1、为 Model 添加 __searchable__=[]

为需要 indexing 的 Model 添加 __searchable__ 属性，列入需要添加到 index 的 fields。

app/models.py:

class Post(db.Model):
    __searchable__ = ['body']
    # ...

注： _searchable_ 只是一个变量，不会产生任何 behavior，仅用于辅助稍后的 funcs。

2、封装 app / search.py

from flask import current_app

def add_to_index(index, model):
    if not current_app.elasticsearch:
        return
    payload = {}
    for field in model.__searchable__:
        payload[field] = getattr(model, field)
    current_app.elasticsearch.index(index=index, doc_type=index, id=model.id,
                                    body=payload)

def remove_from_index(index, model):
    if not current_app.elasticsearch:
        return
    current_app.elasticsearch.delete(index=index, doc_type=index, id=model.id)
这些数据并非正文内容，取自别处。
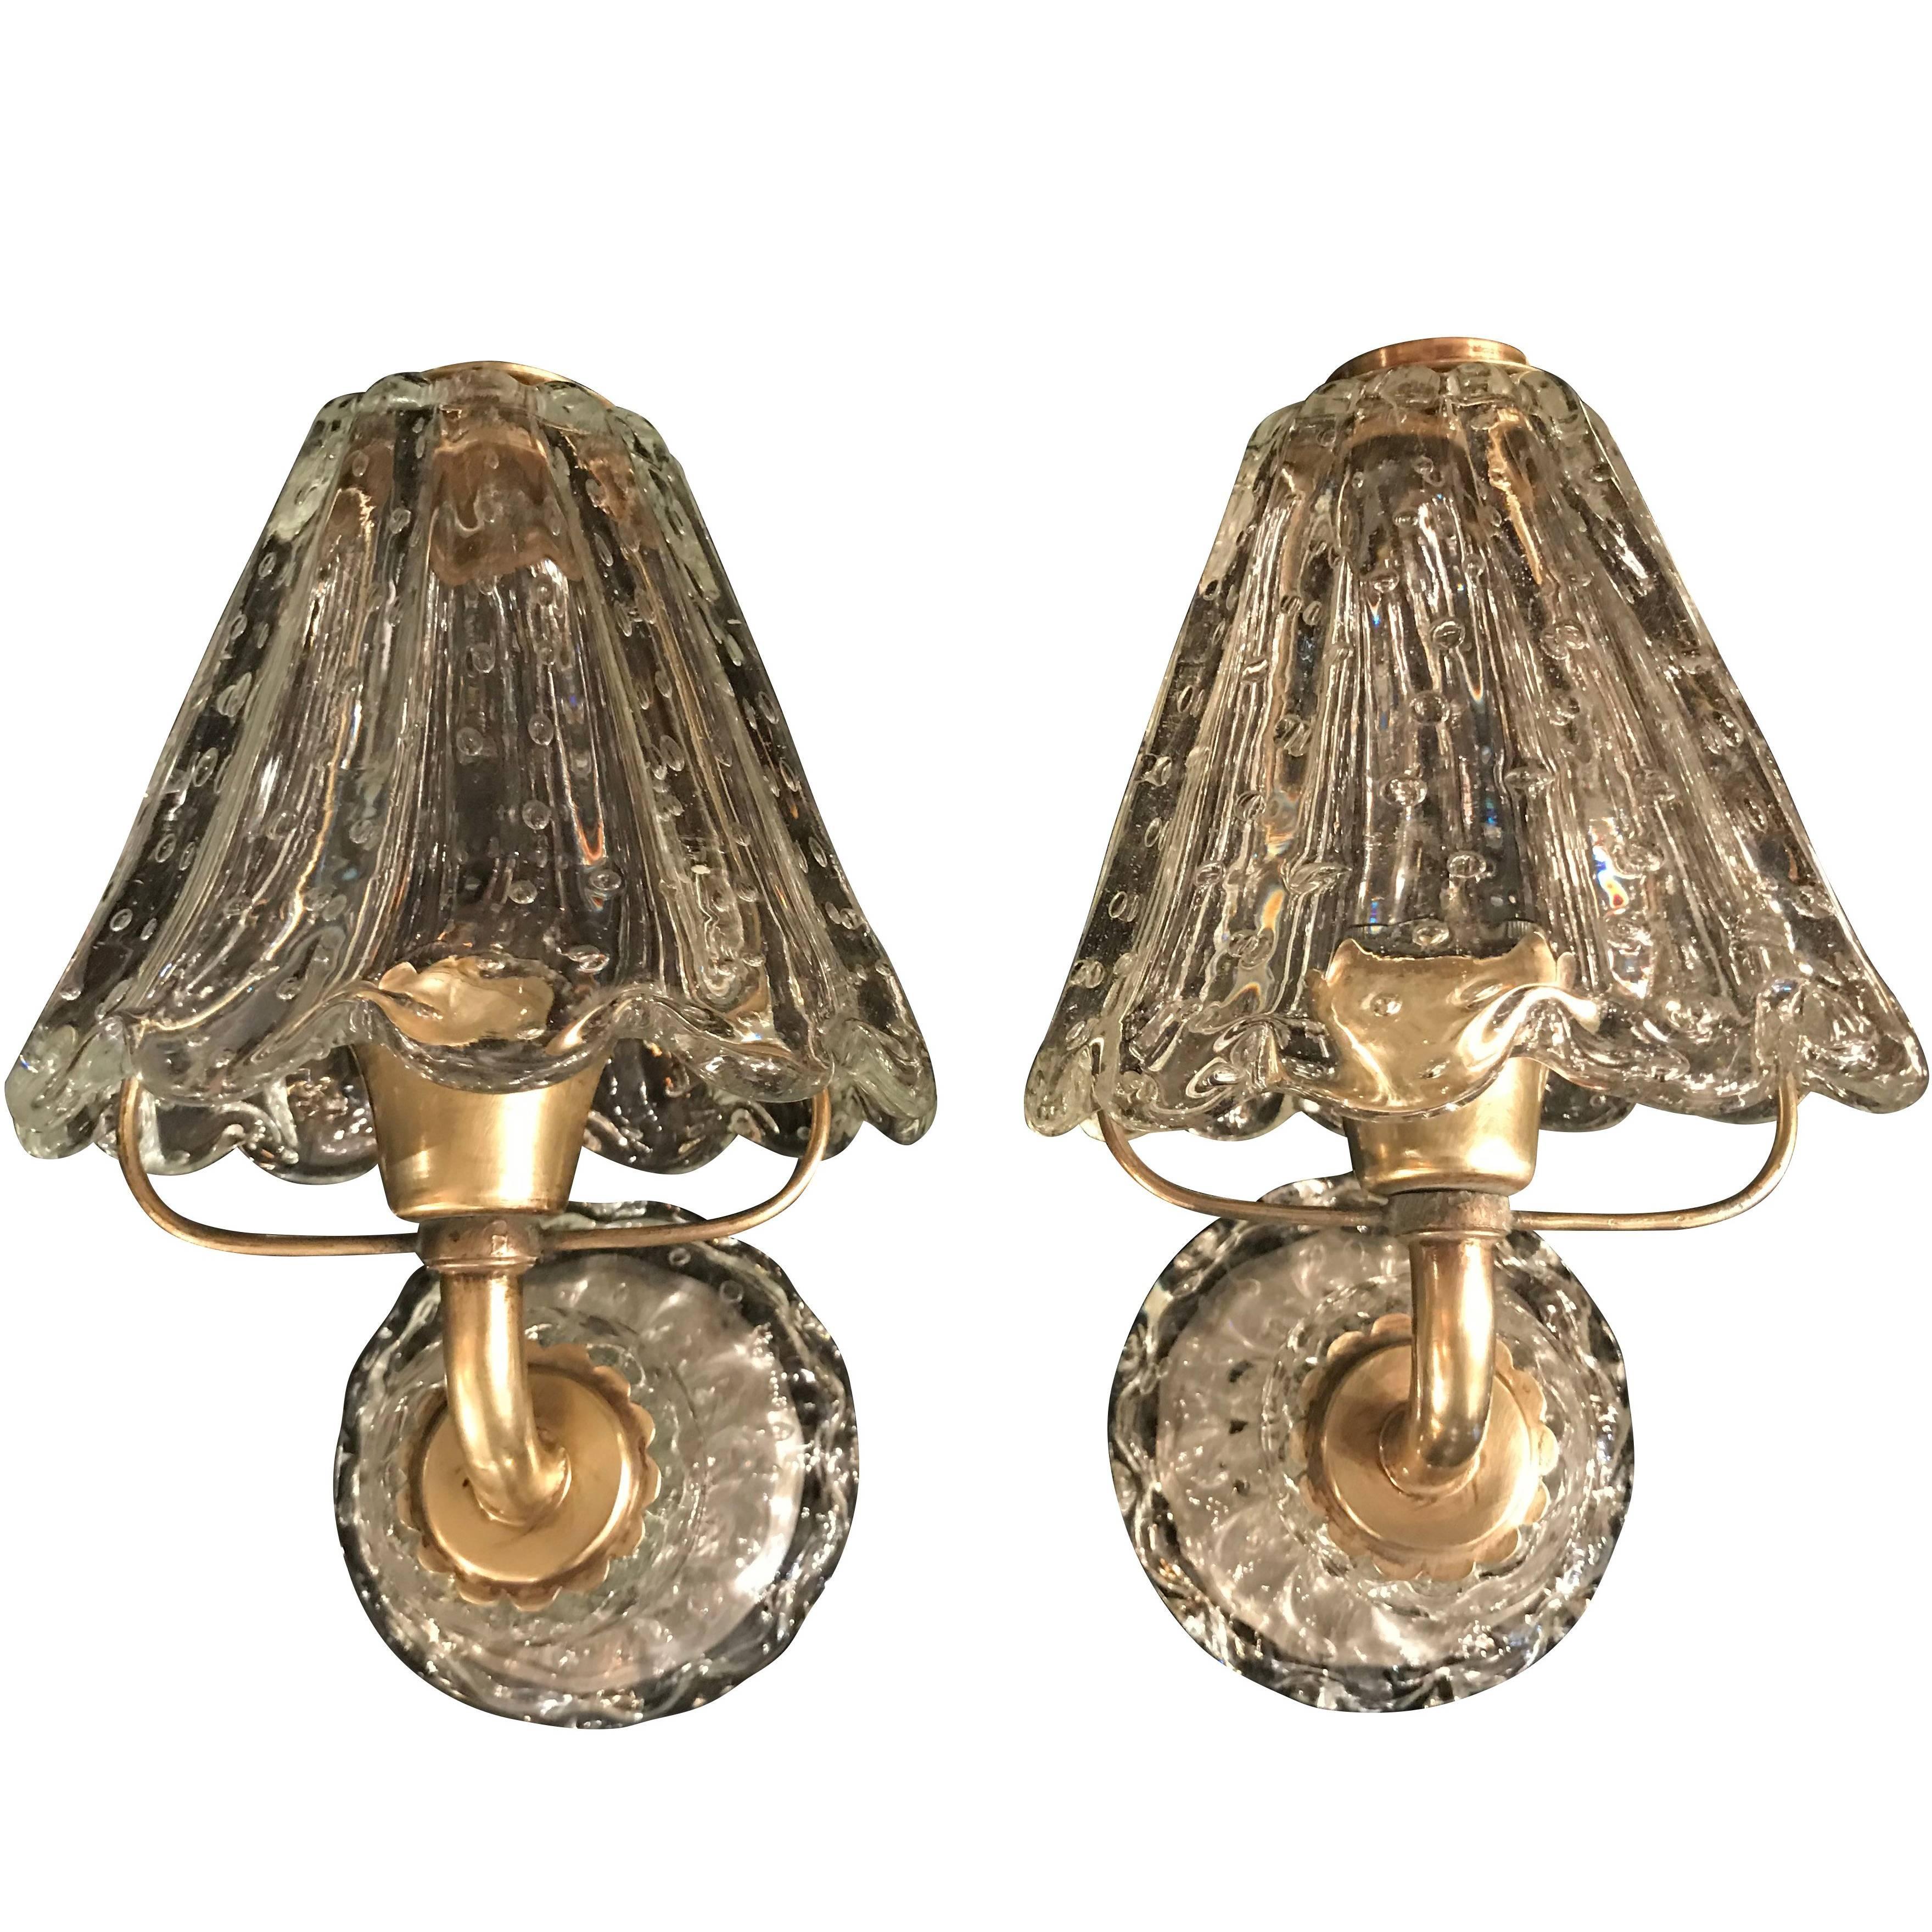 Pair of Barovier and Tosa Wall Sconces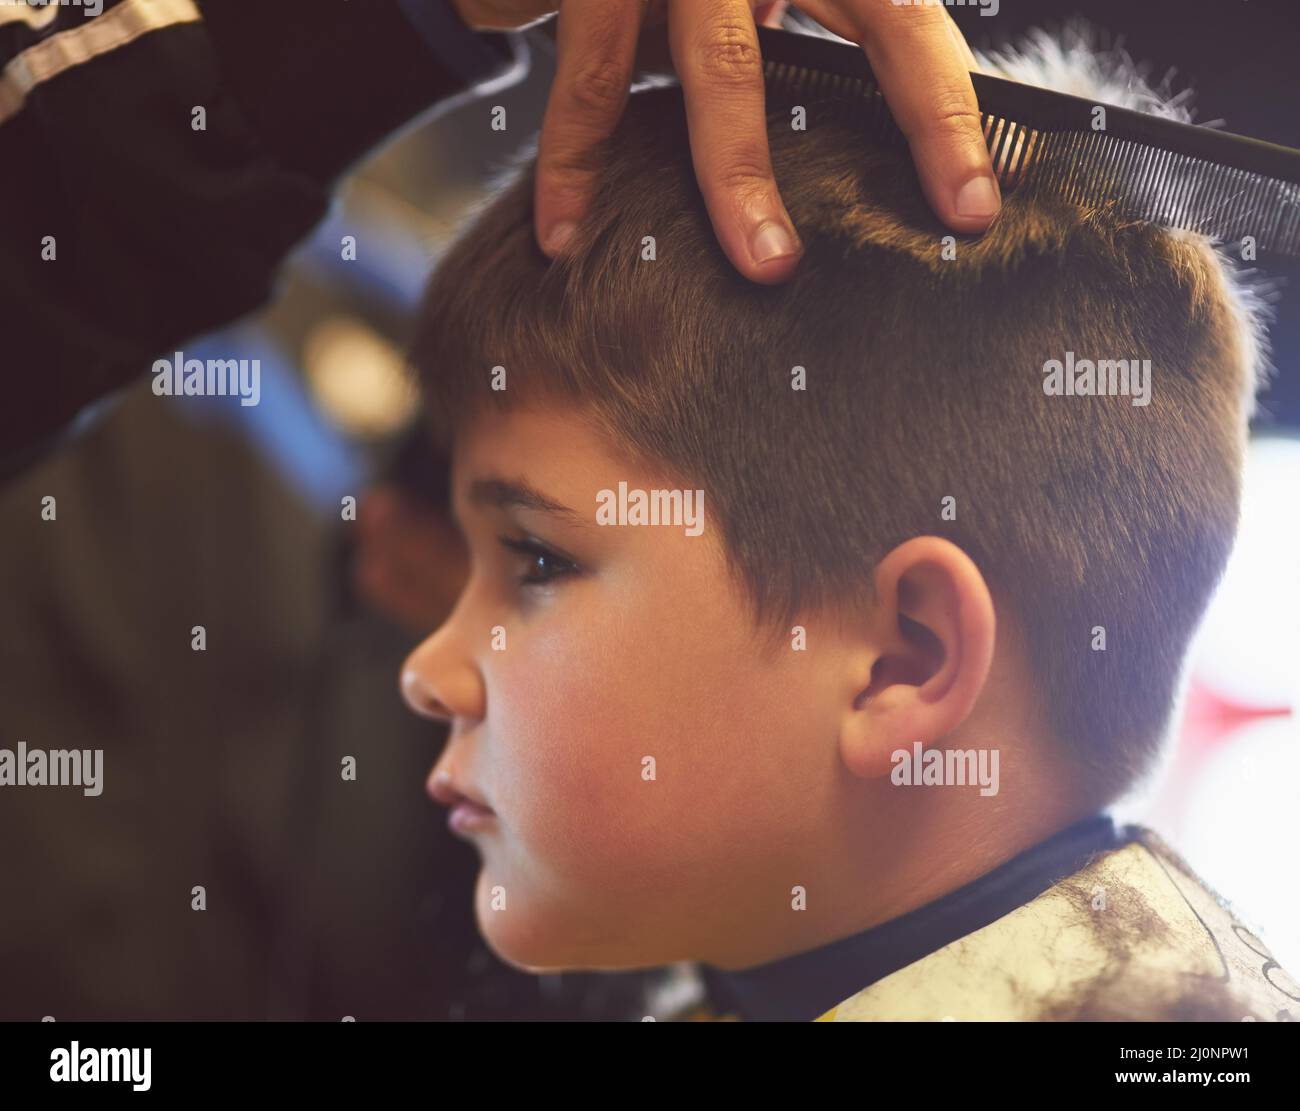 Just a bit of the top please. Closeup shot of a young boy getting a haircut at a barber shop. Stock Photo

def query_index(index, query, page, per_page):
    if not current_app.elasticsearch:
        return [], 0
    search = current_app.elasticsearch.search(
        index=index, doc_type=index,
        body={'query': {'multi_match': {'query': query, 'fields': ['*']}},
              'from': (page - 1) * per_page, 'size': per_page})
    ids = [int(hit['_id']) for hit in search['hits']['hits']]
    return ids, search['hits']['total']

application 通过 app/search.py 与 elasticsearch 建立连接，便于之后的更换 search engine

注：

id=model.id，使得 Elasticsearch 与 SQLAlchemy 两个 db 的 unique id 相同，便于之后的定向 delete 及 search CASE 排序。
add_to_index()，兼具 add 及 update 的功能
multi_match， search across multiple fields.
'fields': ['*']，tell Elasticsearch to look in all the fields (listed in __searchable__), i.e. search the entire index.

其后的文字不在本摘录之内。